Experts calls for end to mass cutting of rhododendrons
An agricultural expert has called for stricter controls on the harvesting of wild rhododendrons after an online sales boom caused a large number to be cut down in Heilongjiang province.
More than 190 stores on Taobao, the country's biggest online shopping platform, sell rhododendron branches, priced from 10 ($1.45) to 30 yuan each.
They are advertised as flowering for up to four weeks if put in water and have even been claimed to have air-purifying qualities.
According to a newspaper in the Daxinganling prefecture of Heilongjiang, where many of the plants originate, one Taobao shop sold more than 190,000 rhododendron branches in a single month earlier this year.

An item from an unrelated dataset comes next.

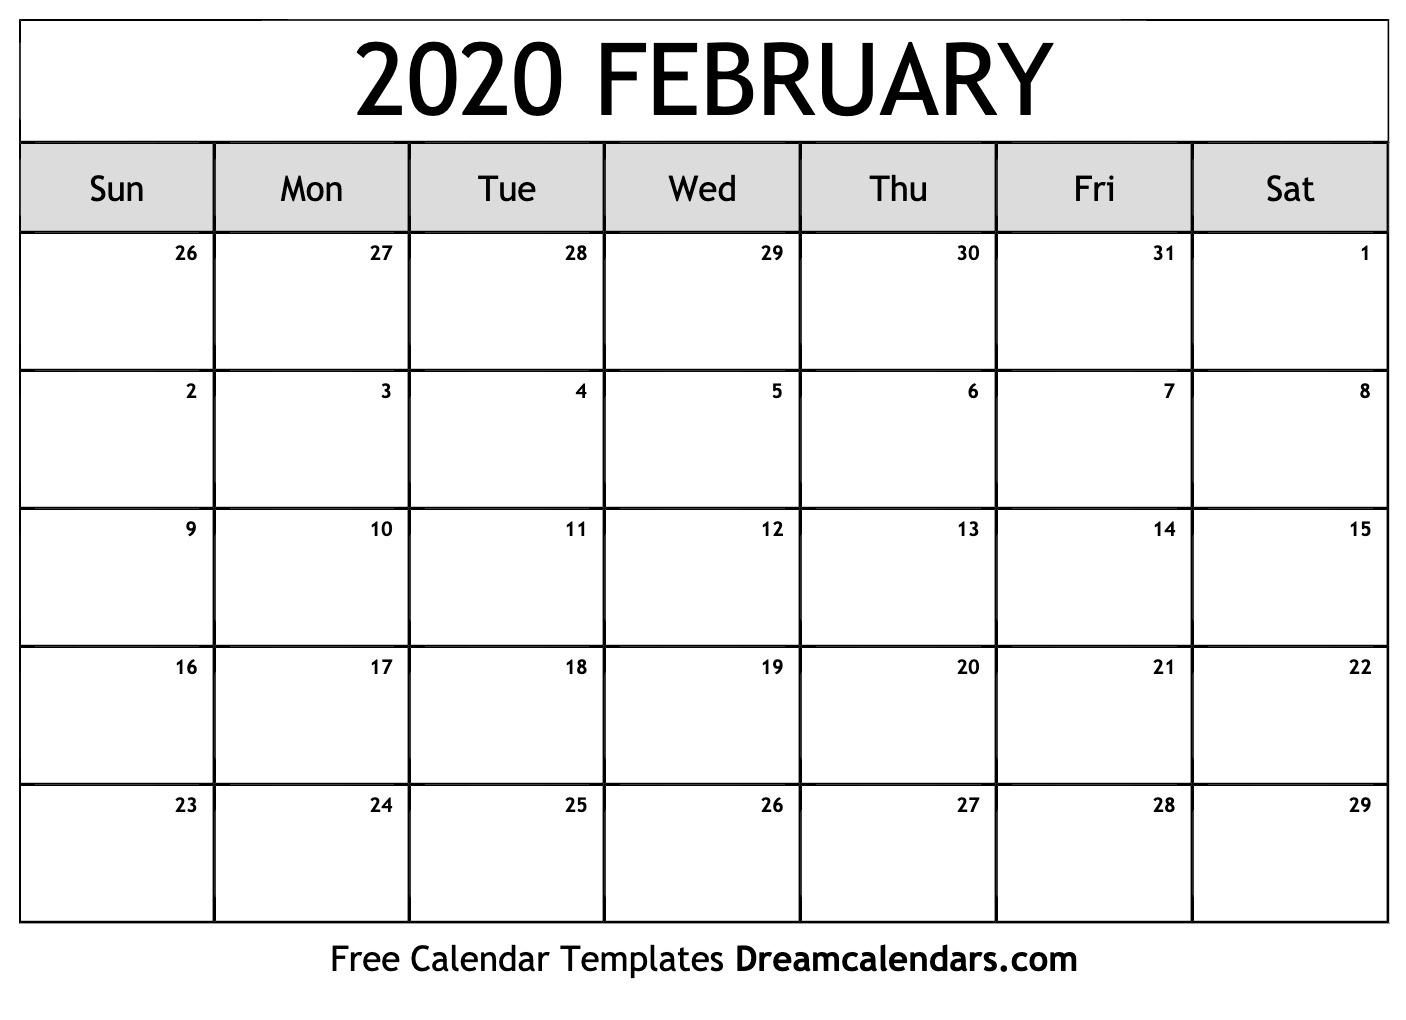 February 2020 Calendar | Free Blank Printable Templates

But the rush to harvest the wild plants has caused scenes of devastation.
Footage that has been circulated on social media shows a road in the area carpeted with discarded cuttings from the plants, with many being pulled up by the roots.
"The booming business in these flowers must have triggered a mass cutting, which has devastated the province's stock," said Zhu Ning, a professor at Northeast Forestry University, in Harbin, capital of Heilongjiang.
"There should be strict controls to stop all this cutting and selling before it's too late."
Zhu said wild rhododendrons grow at a rate of about 10 centimeters per year and cannot recover quickly from being chopped down en masse.